The fact that root suppression was observed consistently across four distinct forests — despite their different rainfall profiles — suggests the response may be widespread rather than localized. That makes the findings relevant to tropical forest regions far beyond Central America, including the Amazon basin, Southeast Asia, and sub-Saharan Africa, where forests store enormous quantities of carbon and face growing drought pressure.
The broader implication is that climate projections which rely on tropical forests continuing to absorb carbon at current rates may need to account for this underground dynamic. A forest that looks intact from above may be quietly losing its capacity to store carbon below.
What Researchers Are Watching Next
Because the Panama experiment was launched in 2018 and monitors changes to depths of one meter, it is designed to capture long-term trends rather than short-term fluctuations. Researchers are continuing to track how root traits shift as drought conditions persist, and whether the deeper root growth observed in some trees can meaningfully offset losses at the surface.

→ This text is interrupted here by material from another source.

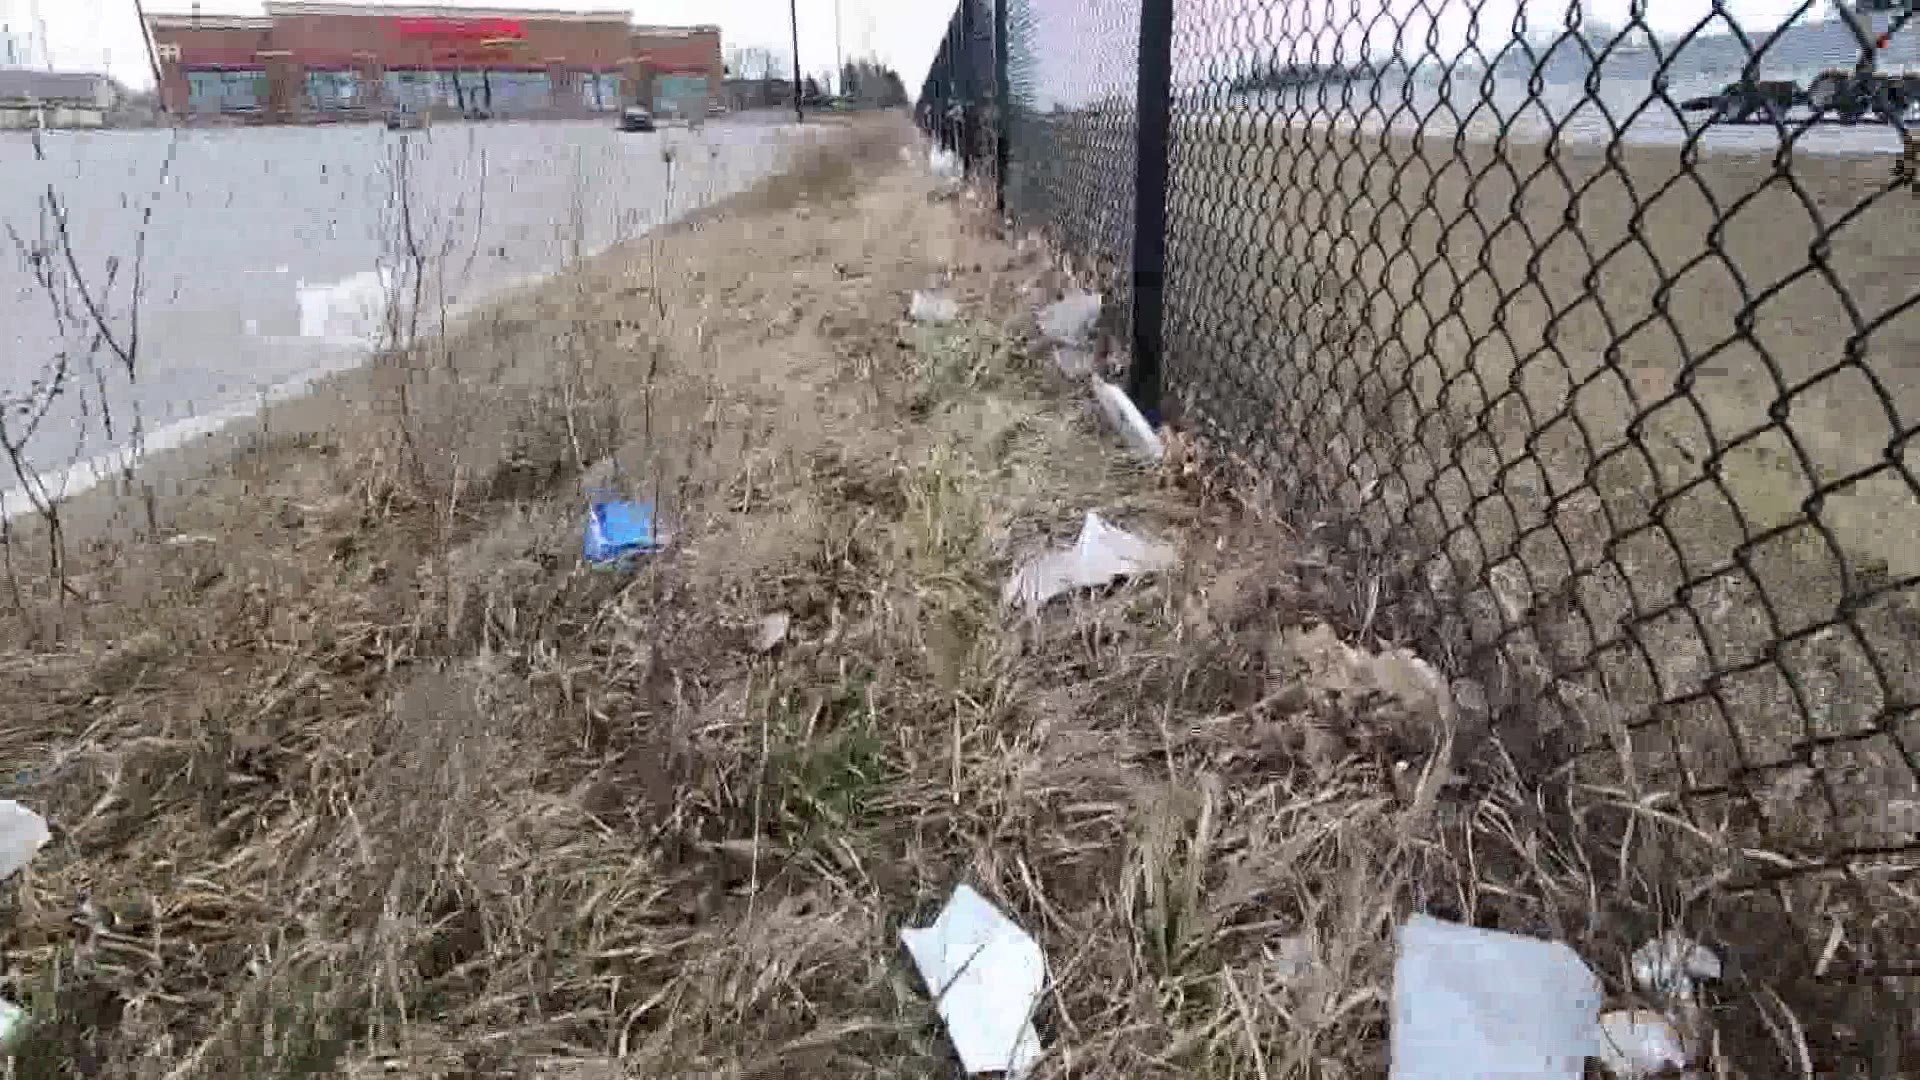 ODOT press secretary Matt Bruning said cleaning up litter is an entirely preventable task.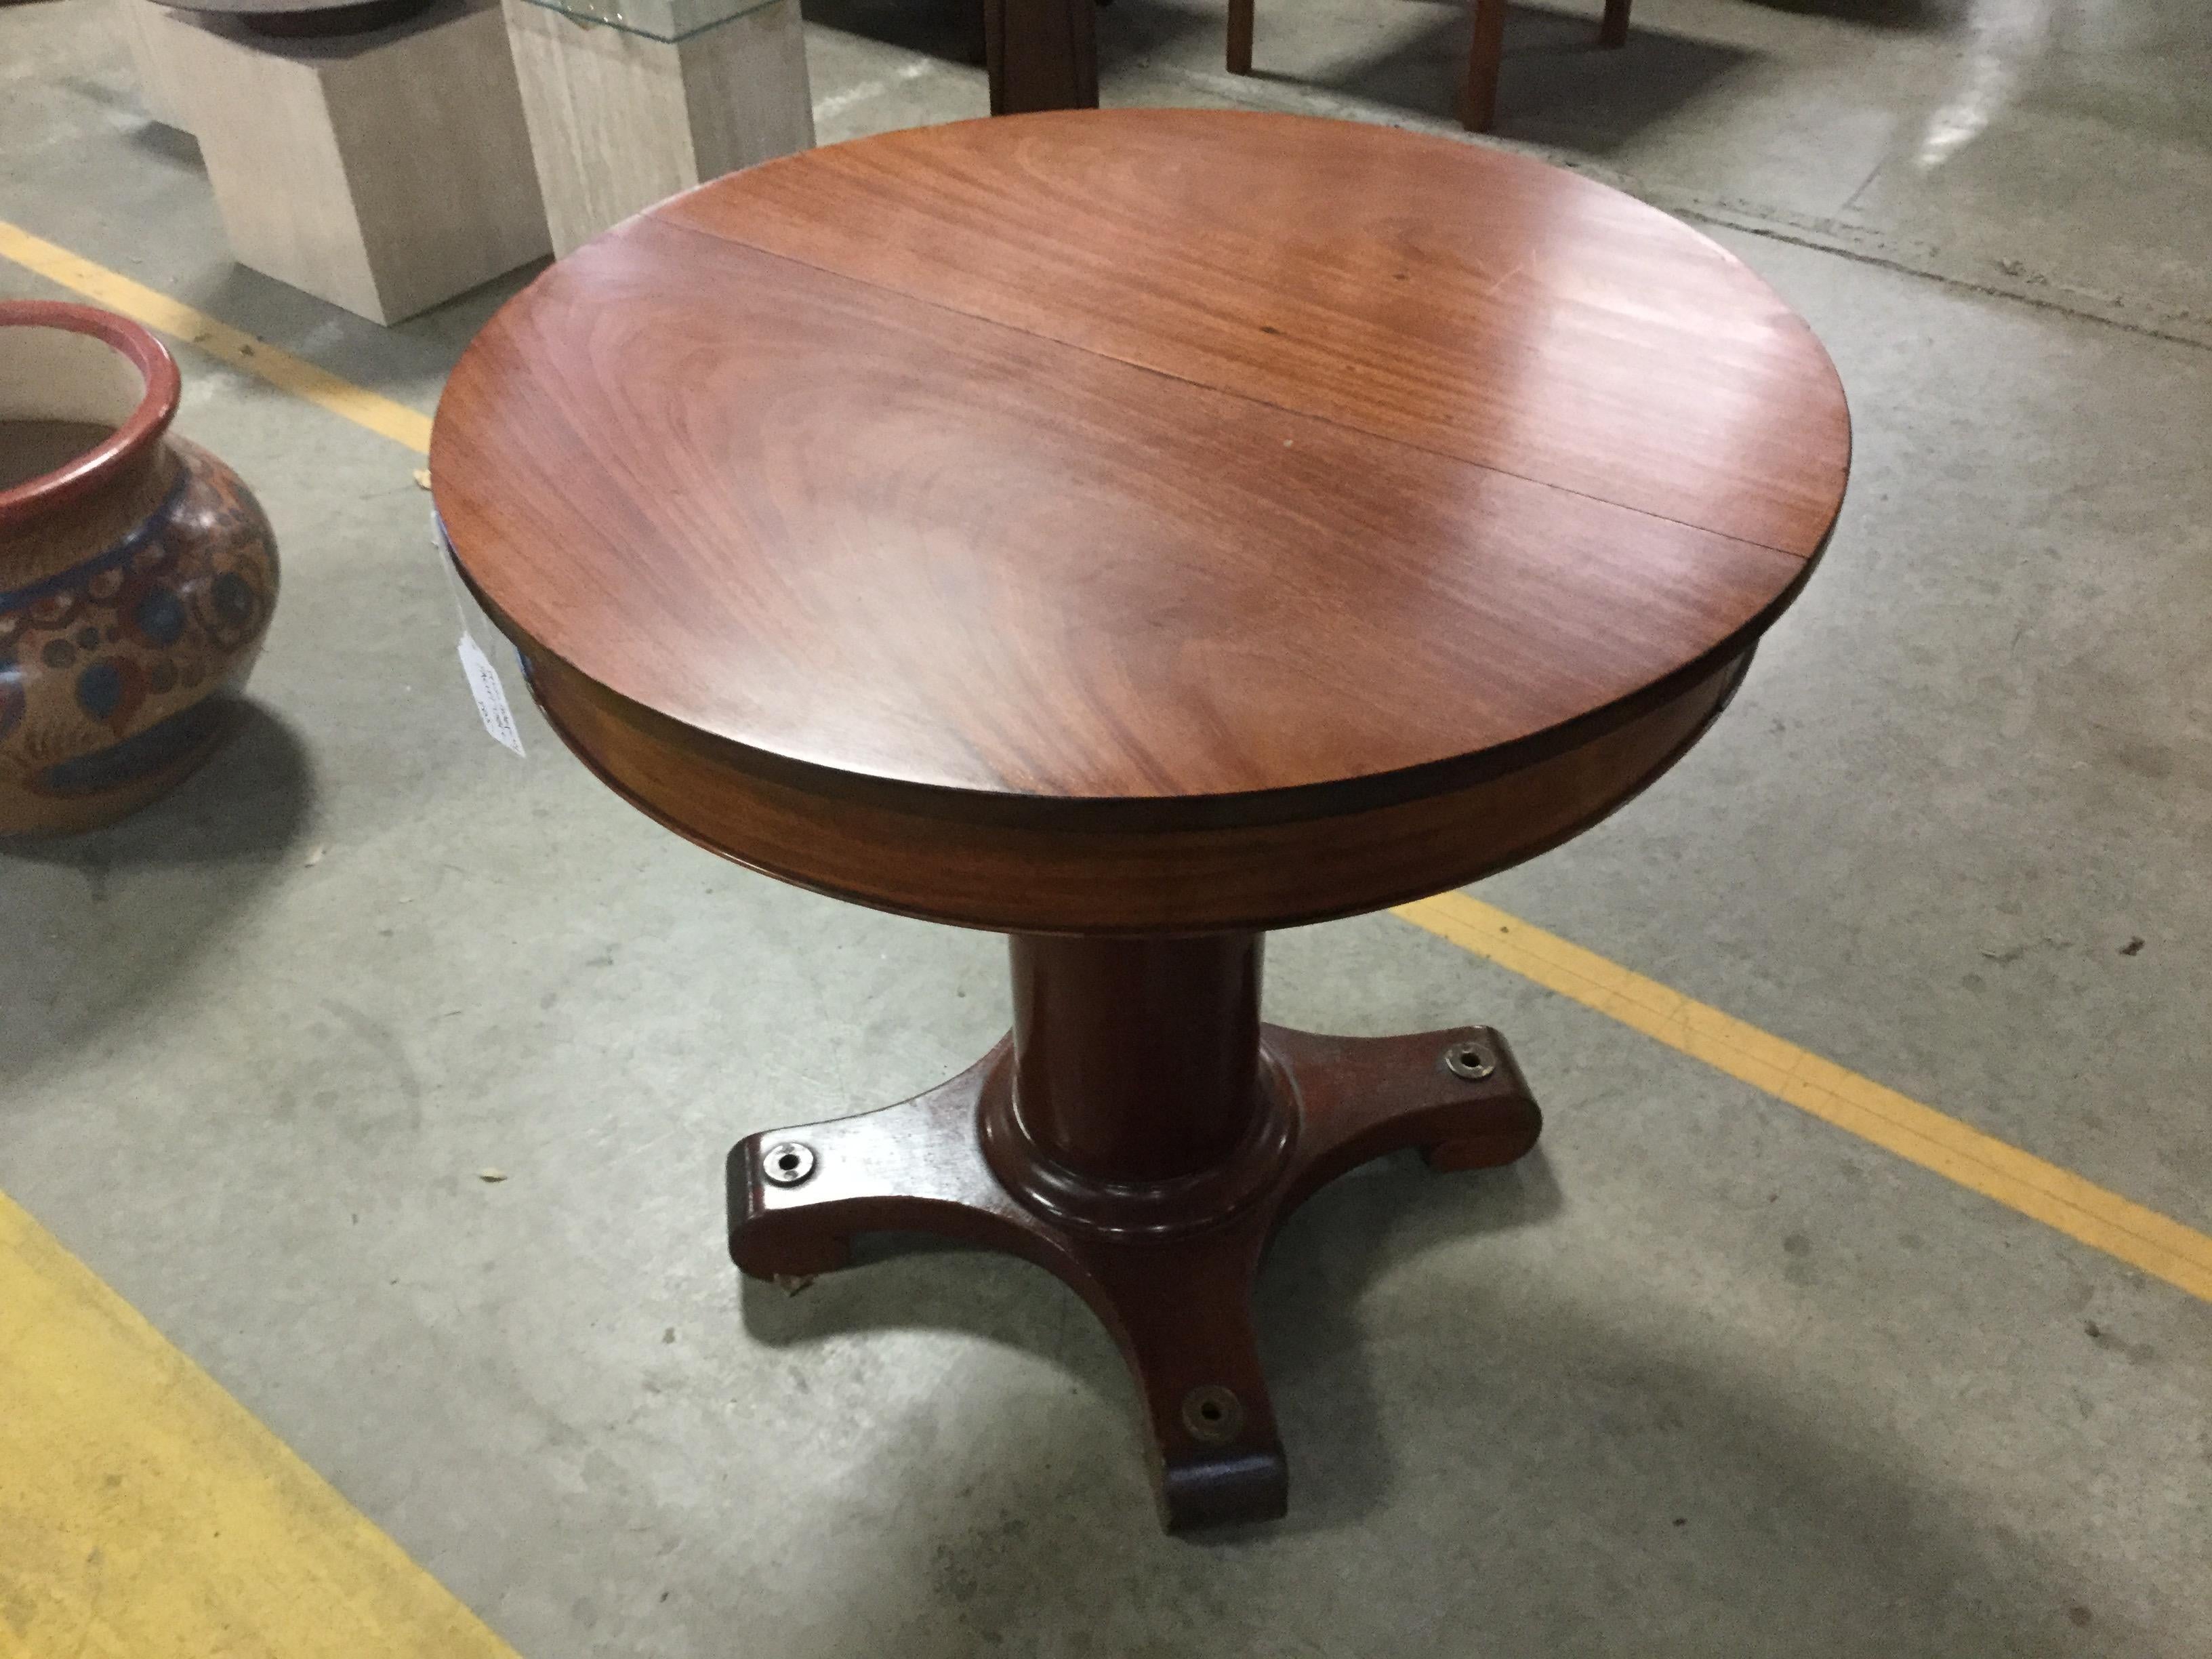 Table came from a large yacht. It has brass fittings on the feet to anchor it to the floor. Varnished cherrywood. Look great on your boat or home.

The central concern going forward is whether forests can sustain their carbon storage role under conditions that are expected to become more frequent and more intense. The early data suggest the answer is complicated — and that the ground beneath our feet deserves far more attention than it typically receives.
Frequently Asked Questions
What did researchers find happened to fine roots during the Panama drought experiment?
Fine root production in the top four inches of soil dropped by approximately 50 percent during the sustained drought conditions studied.
When did the Panama drought experiment begin?
The experiment was launched in 2018 and monitored belowground changes across four lowland forests on the Isthmus of Panama.
Did trees show any signs of adaptation to the drought?
Yes — while surface root production fell sharply, many trees responded by pushing new root growth deeper underground, essentially following moisture downward.
Why does fine root loss matter for carbon storage?
Fine roots play a central role in moving carbon from the atmosphere into the soil. When their production drops, the forest’s ability to store carbon underground over time may be reduced.
How much annual rainfall do the study sites receive?
The four forest sites receive between approximately 92.5 and 134.6 inches of rain per year, representing a range of moisture conditions across the Isthmus of Panama.
Does this research apply to tropical forests outside Panama?
The consistent findings across four distinct forest types suggest the drought response may be widespread, though whether identical patterns occur in other tropical regions has not yet been confirmed by this specific study.